Avance bastante, ya que apenas me detenía, según avanzaba hacia la frontera del sur, las granjas eran cada vez menos. Esto era debido a que los granjeros no eran amigos de situarse cerca de las fronteras por miedo a las disputas de los nobles. Cuando llegara a la frontera con nuestro Shogunato vecino debería decidir que hacer si identificarme o intentar pasar desapercibido. Pero de momento aún tenía una jornada de camino por delante, ya me preocuparía cuando llegara.
En mi último día de viaje, acampe al mediodía cerca de un río, y estaba preparándome para pescar algo, cuando escuche un alboroto cercano. No parecía venir del camino, si no de un poco más adelante río arriba. Decidí acercarme sigilosamente siguiendo la línea de juncos que se erguía en la orilla.

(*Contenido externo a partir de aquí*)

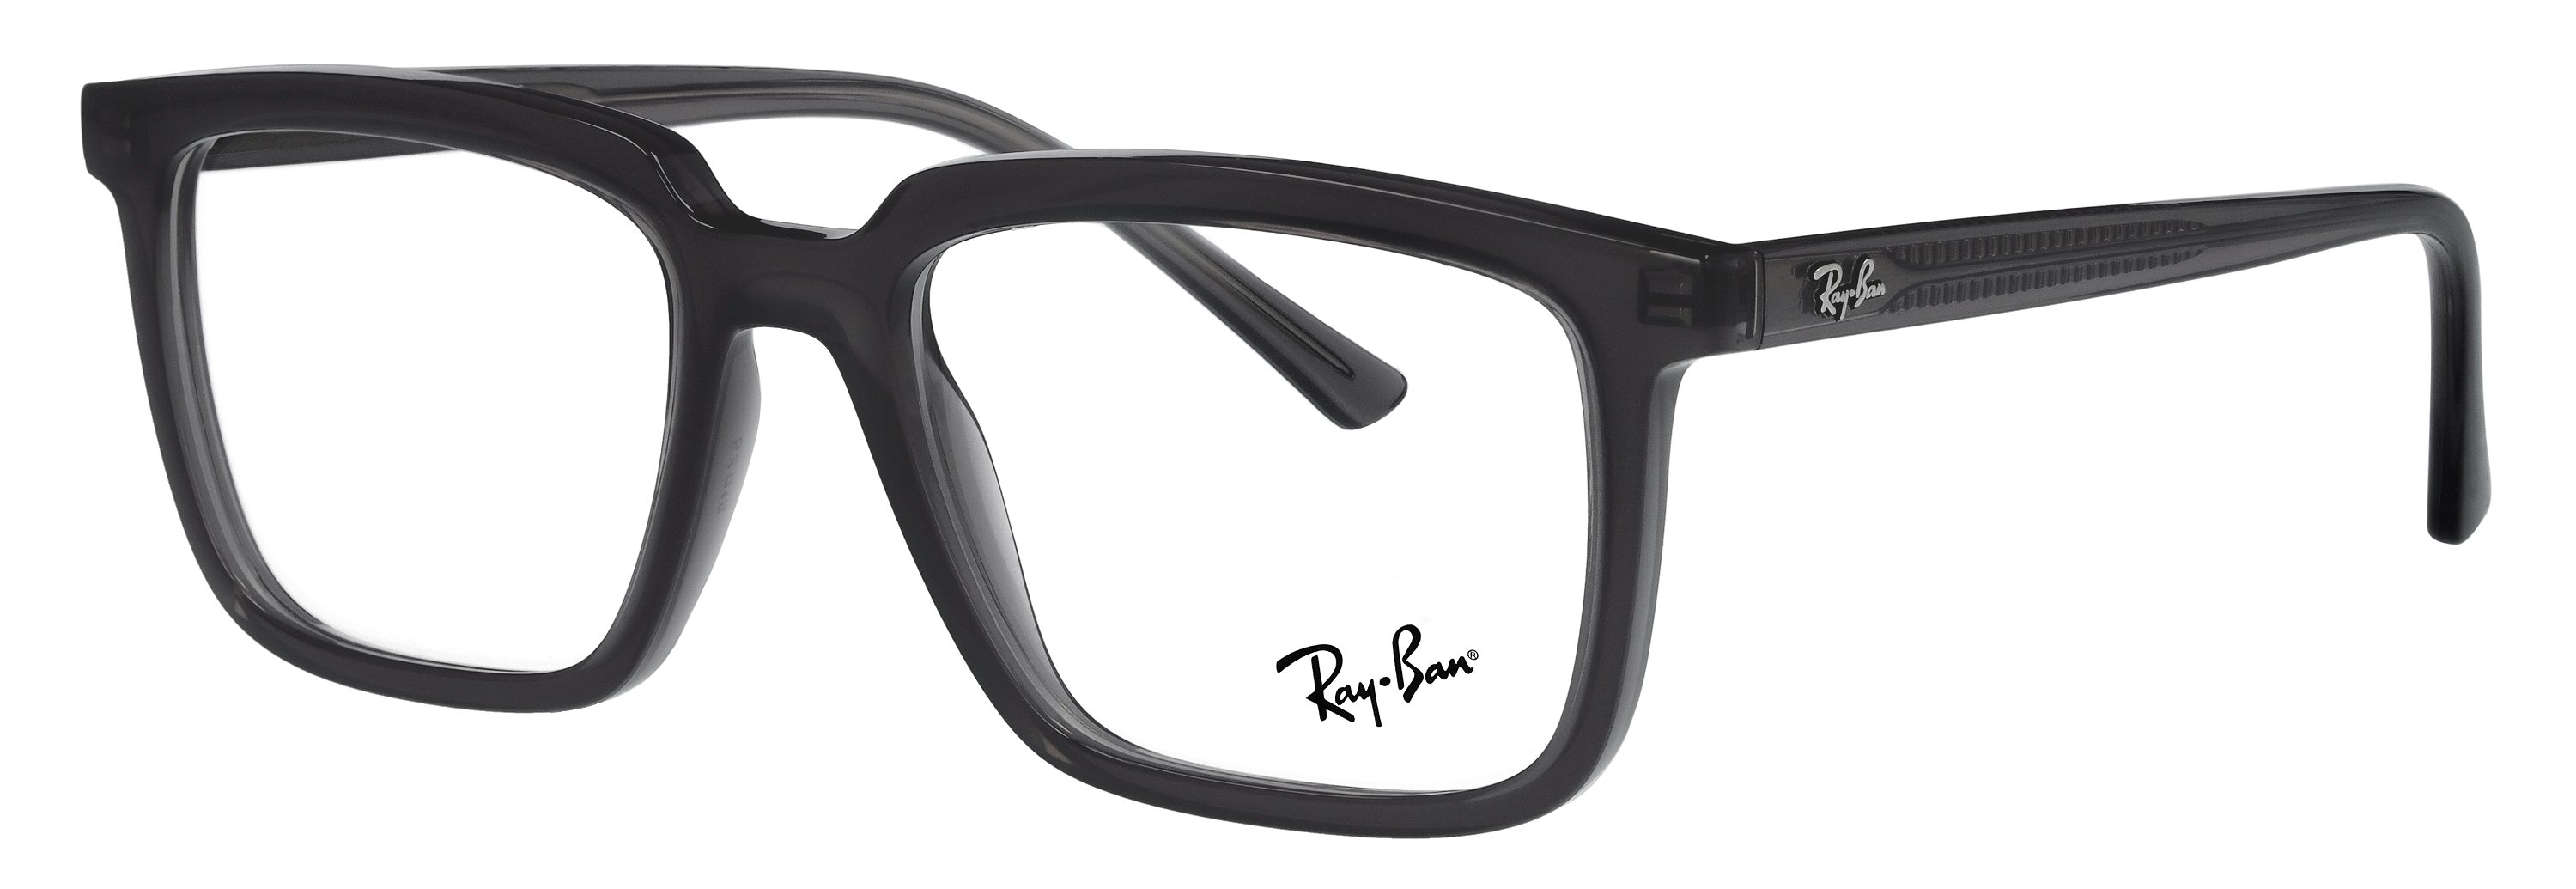 Das Bild zeigt die Korrektionsbrille RX7239 8257 von der Marke Ray Ban in Opal dunkelgrau.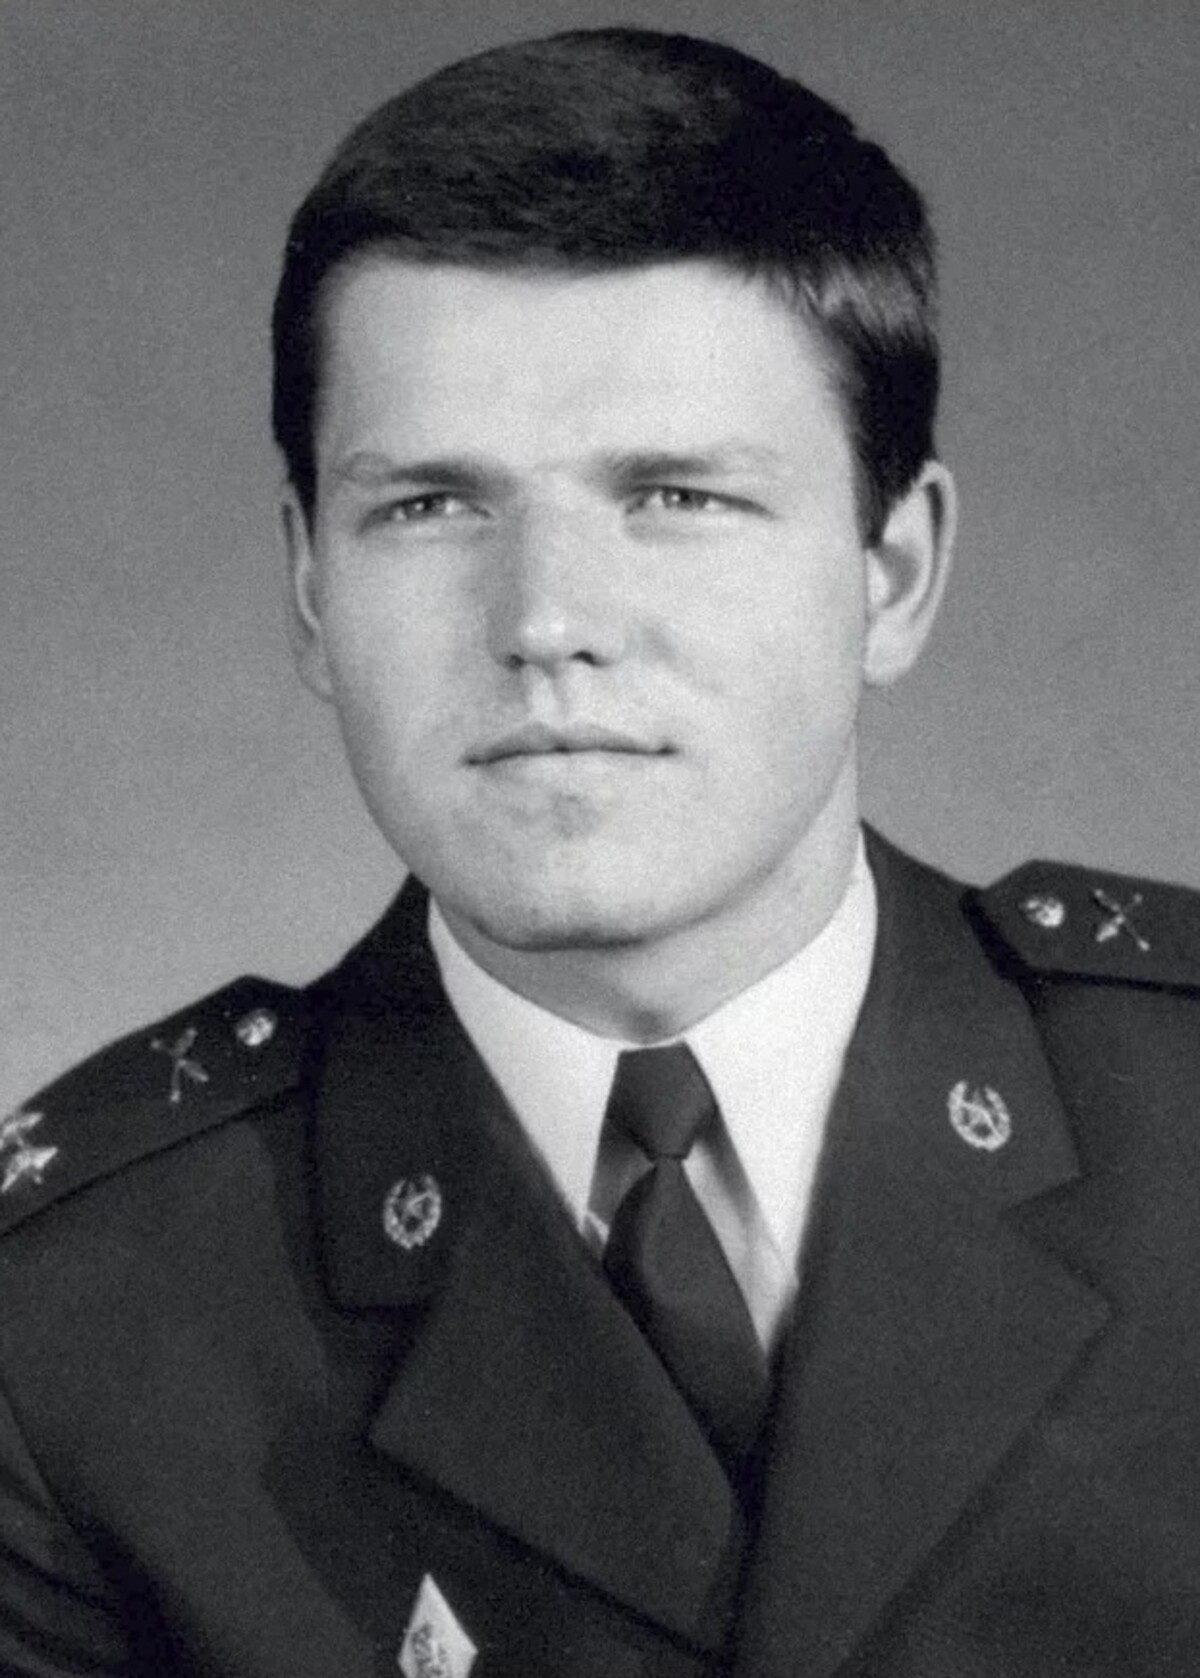 Petr Pavel se narodil v roce 1961 v Plané u Mariánských Lázní do rodiny příslušníka Československé lidové armády. Po vystudování Vojenského gymnázia v Opavě pokračoval studiem na Vysoké vojenské škole pozemního vojska ve Vyškově. V roce 1983 nastoupil k výsadkovému vojsku a v letech 1985 až 1989 byl členem KSČ.

Avance despacio, y a cada paso el tumulto crecía, me pareció oír voces de mujer y gritos. Cuando por fin me asome a un claro al otro lado de los juncos, pude ver con claridad de que se trataba. Unas mujeres que lavaban en el río habían sido sorprendidas por dos hombres. Una de ellas yacía muerta en el suelo no muy lejos de mí. Las otras dos forcejeaban con los agresores que estaban cerca de lograr su propósito. Por un momento pensé en volver a mi campamento y no comprometer el resultado de mi misión por aquel incidente, pero eso no era lo que mi maestro me había enseñado.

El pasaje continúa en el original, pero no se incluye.